Related: Automotive Powertrain
FEV (fev.com), a Germany-based automotive powertrain consultancy with a North American technical center in Auburn Hills, MI, is, explains Gary Rogers, president and CEO of FEV, Inc., among a handful of companies that serve OEMs with an array of equipment, personnel, and know-how. “We have to make very significant and regular investments in engine test cells, dynamometers and emission measuring equipment without the benefit of being a small overhead rider on an automotive product that we sell,” he says. Which explains why there are only about a half-dozen companies globally that is in FEV’s space. It takes a large commitment. And investment. FEV has about 2,600 people around the world, of which 500 are in southeastern Michigan. “It’s a relatively small fraternity,“ Rogers admits.
One of the responsibilities that arises from such a concentrated knowledge base is in sharing expertise with those outside the industry. Rogers has been personally involved in two of the National Academy of Science’s Corporate Average Fuel Efficiency (CAFE) studies, and this gives him a unique perspective. “I think the question of, ‘Is it technically possible to get 54 mpg?’ has been answered, and the answer is, ‘Yes’. The question, ‘Can we afford it?’ is another question entirely.” Affordability, Rogers says, encompasses both the OEM’s development costs, and the consumer’s ability to pay for the vehicle that results. It also brings up another question: “Do people want it?”
“If we eliminated large cars and light trucks, and everybody had to buy an A- or B-segment car, we could get to a 54 mpg fleet average very quickly,” he says. “But that’s not market reality.” Yet, the CAFE regulations stand as public policy that carries a penalty for not achieving the stated goal. Thus, automakers must convince people to buy the products that result from meeting this objective. It is not helped by critics who believe that, over the past 15 years when CAFE standards were stable, the industry “tricked” an unsuspecting public into believing it needed horsepower, not fuel economy. Nothing, Rogers states categorically, is further from the truth. “The reality in today’s world is that we are developing more efficient engines and, through that, we are getting more horsepower. The technology that we are using to increase the specific power of engines can, in fact, be used to improve fuel consumption. That’s where the downsizing strategy comes in.”

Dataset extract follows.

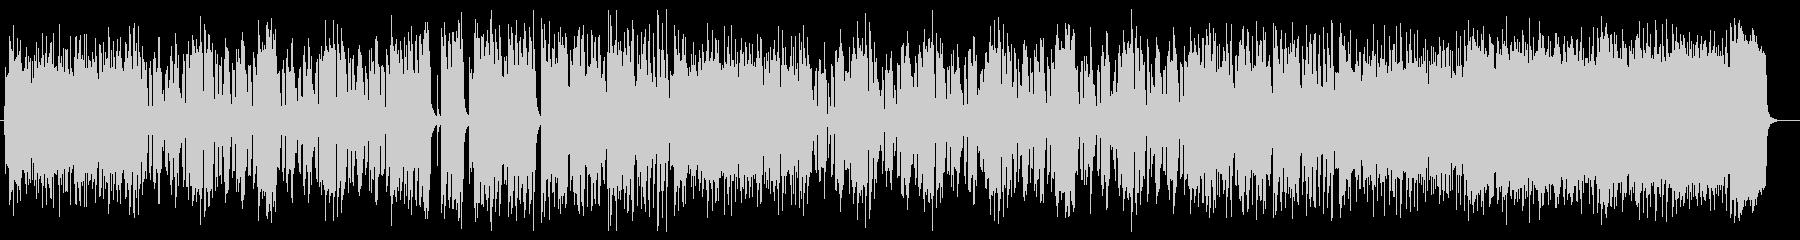 軽快なリズムによるメロディが特徴のポップの未再生の波形
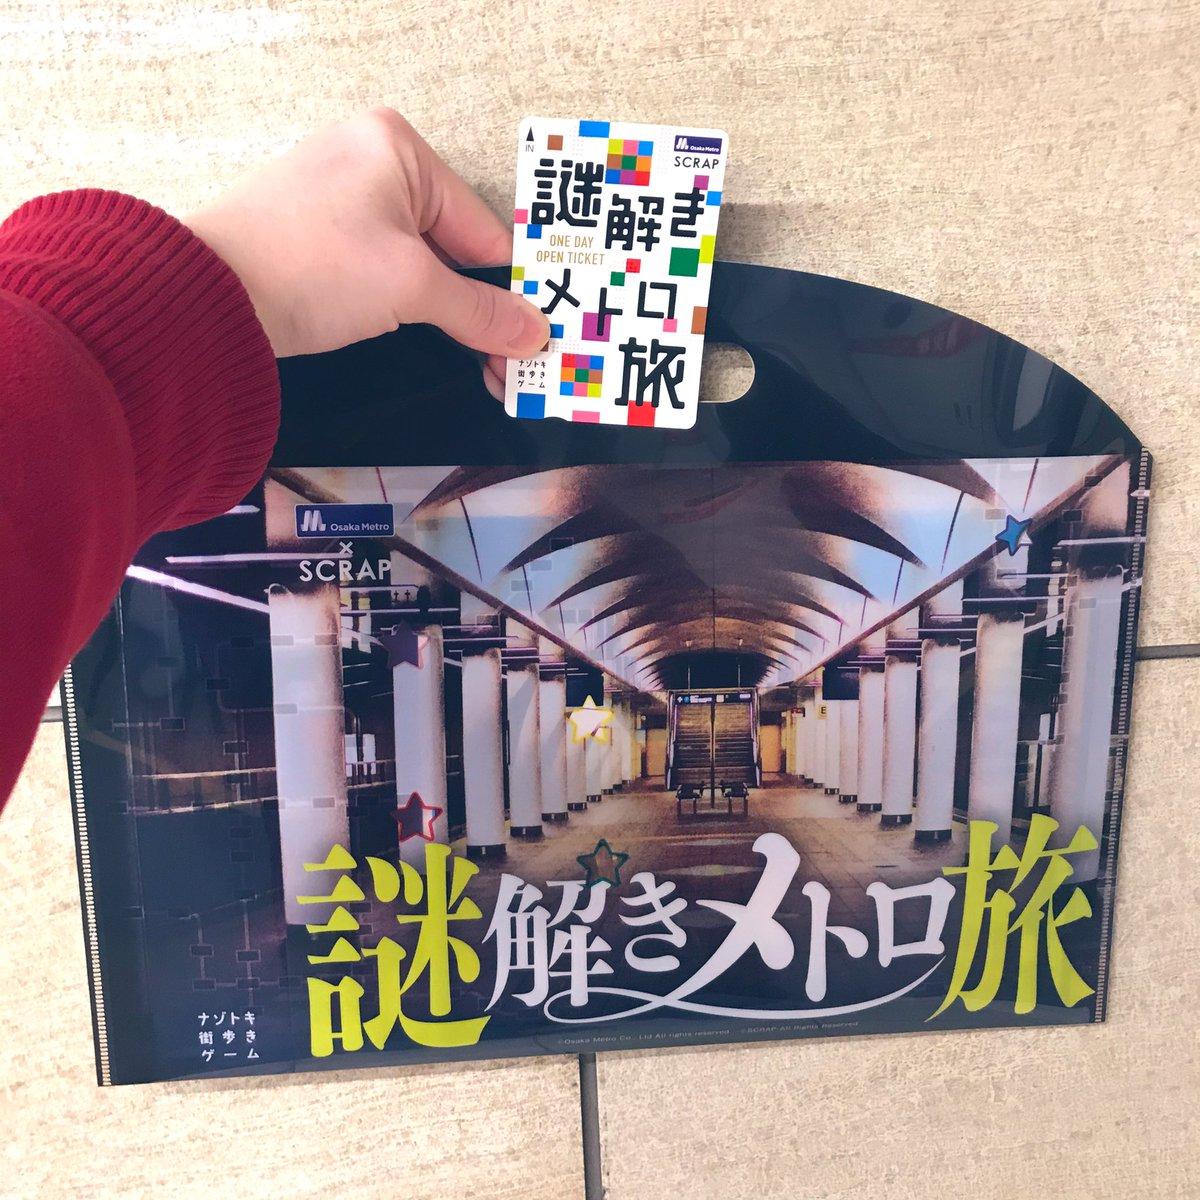 謎 解き メトロ 旅 大阪

Employing a smaller, high-output motor to do the same work as a larger engine is not new. Getting it into production in a manner that is both affordable and pleasing to the average car buyer is, however. “My opinion,” says Rogers, “is that there is still a lot to gain from the powertrain, but there is a limit as to how far we can go with conventional powertrains.” Pushing this technology will require not just downsizing but turbocharging, direct injection, variable cam phasing, cylinder deactivation, stop-start, and transmissions with more ratios, or CVTs. To get more means going further in terms of technology deployment. According to Rogers: “I think the future is going to be more about energy management. That means turning things on when you need them and off when you don’t. If there’s a way to store energy, like during braking, you do it.” The lengths to which suppliers, automakers and others will go to recover energy seemingly knows no bounds. “They’re even looking at things like a piezoelectric technology that turns heat from the exhaust system into electricity that can be put back into the battery where it can be used either to take care of the passenger or move the vehicle,” he says.

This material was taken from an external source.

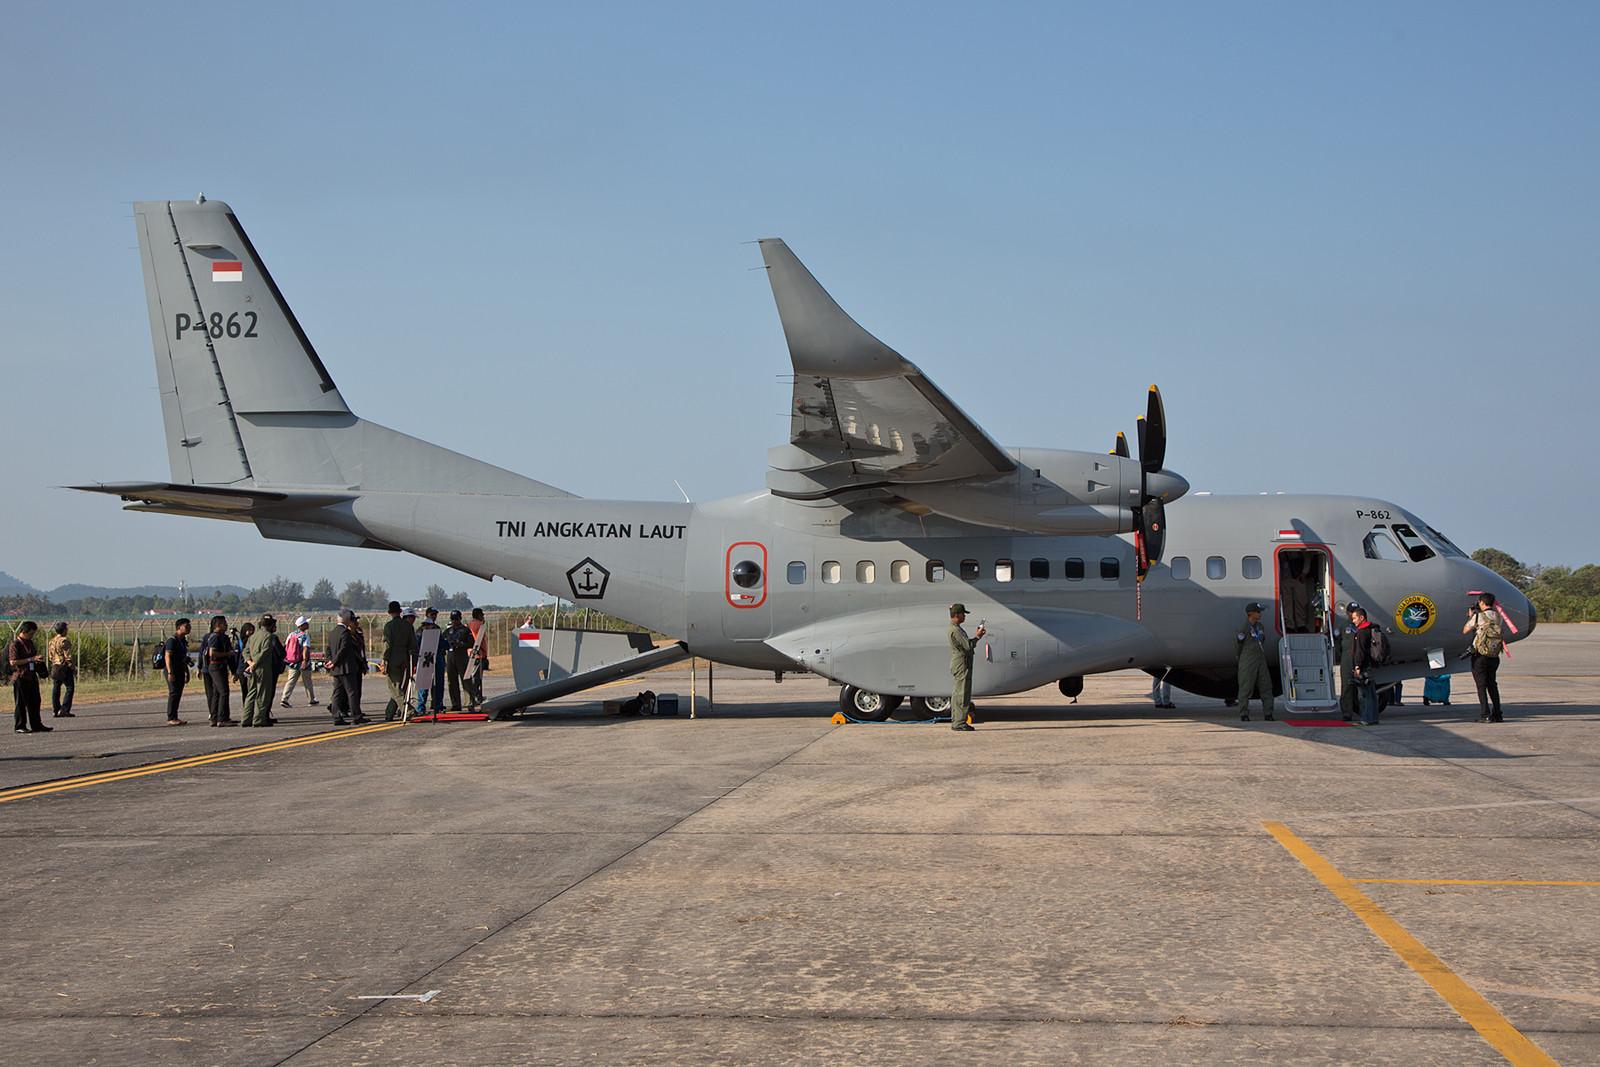 Die P-862 von außen, die CASA CN-235MPA´s gehören zur  Skwadron Udara 800 in Surabaya auf Java.

It also means adding capability with microprocessor and communication technologies. FEV recently acquired DGE, a telematics and infotainment engineering company in nearby Rochester Hills, MI. Just as delivery companies learned that it was more efficient to make three right turns to and keep moving than to slog through traffic to make a single left, Rogers believes that advancements in communications, the mapping of traffic, and adding topographical data to the decision tree will greatly improve real-world fuel efficiency. For example, instead of having a hybrid’s engine start halfway up a hill, at a point that is least efficient, the vehicle “looks ahead and makes adjustments ahead of time so that you can charge the batteries most efficiently.” This same technology also can be used by non-hybrid vehicle to determine the best combination of items (turbo boost, gear, valve timing, etc.) necessary to reach the destination quickly and efficiently.

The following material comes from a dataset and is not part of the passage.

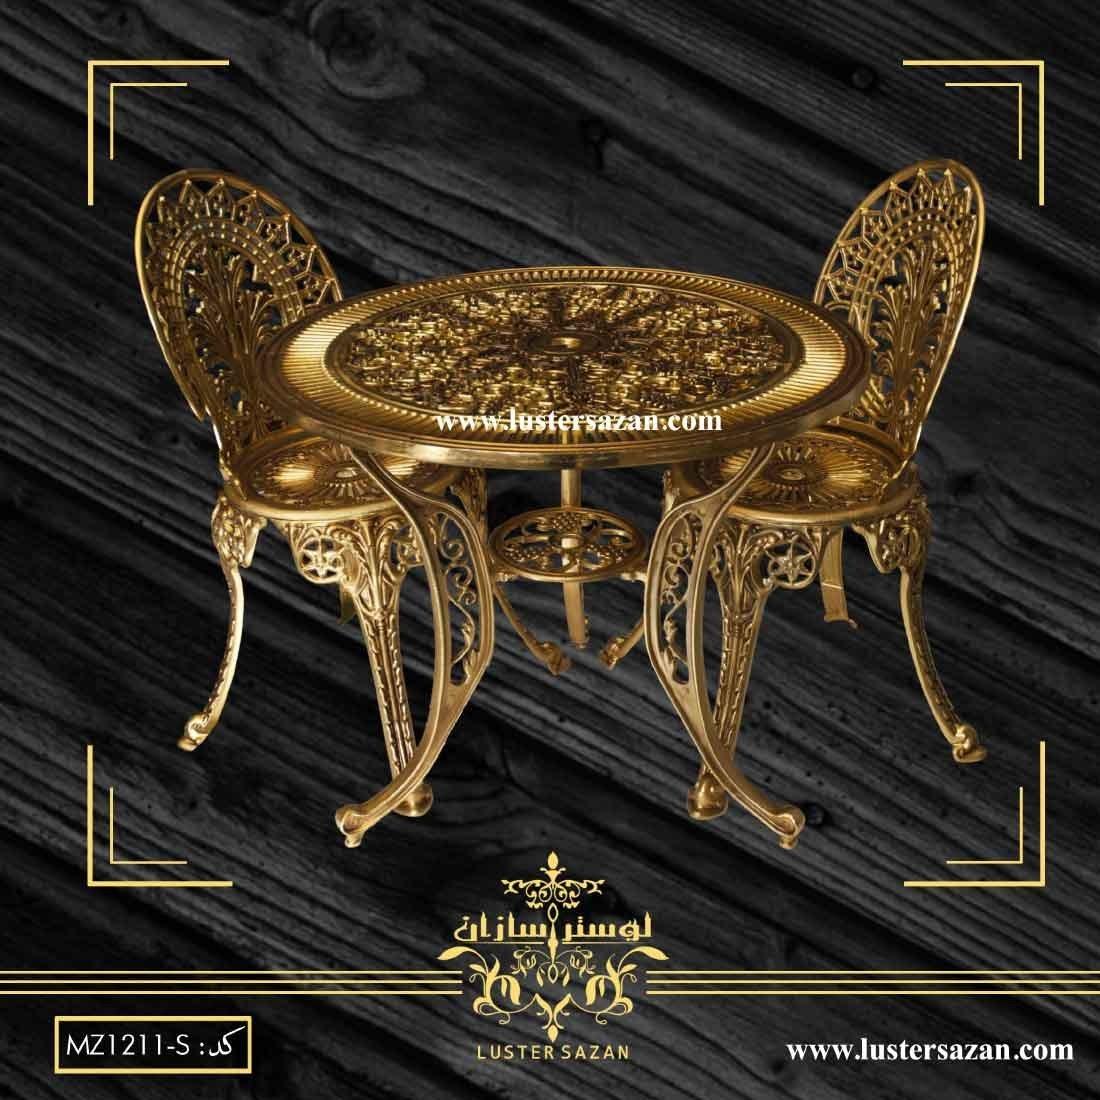 میز و صندلی آبنوس – طلا قهوه ای قلم لوسترسازان |

Though FEV works on hundreds of powertrain programs simultaneously, it is often brought into a project at the concept phase to assess what path the OEM is taking. With FEV’s work on compact engines for Europe and Asia, for example, the OEM may want to know if it can get the five pounds of capabilities it desires into a manufacturable four-pound bag, whether it can do so with its existing block line, and what efficiency losses may come with that decision. This independent cost/benefit analysis often results in FEV being asked to make it happen, without the worry that doing so will result in it being sold FEV’s in-house technologies. “Even though we often consult with Tier 1s on their products,” says Rogers, “we don’t manufacture any of our own. Therefore, we don’t have a vested interest in selling any particular system.” FEV’s growing expertise lies elsewhere.
Even though there are fewer base engine programs, they are being put into a larger number of vehicles. Thus, says Rogers, “application engineering, the calibration of the system into the vehicle, is becoming a very large and increasing portion of our business. We see much more work happening in the total vehicle system, the total electronic system, and its interface to propulsion.”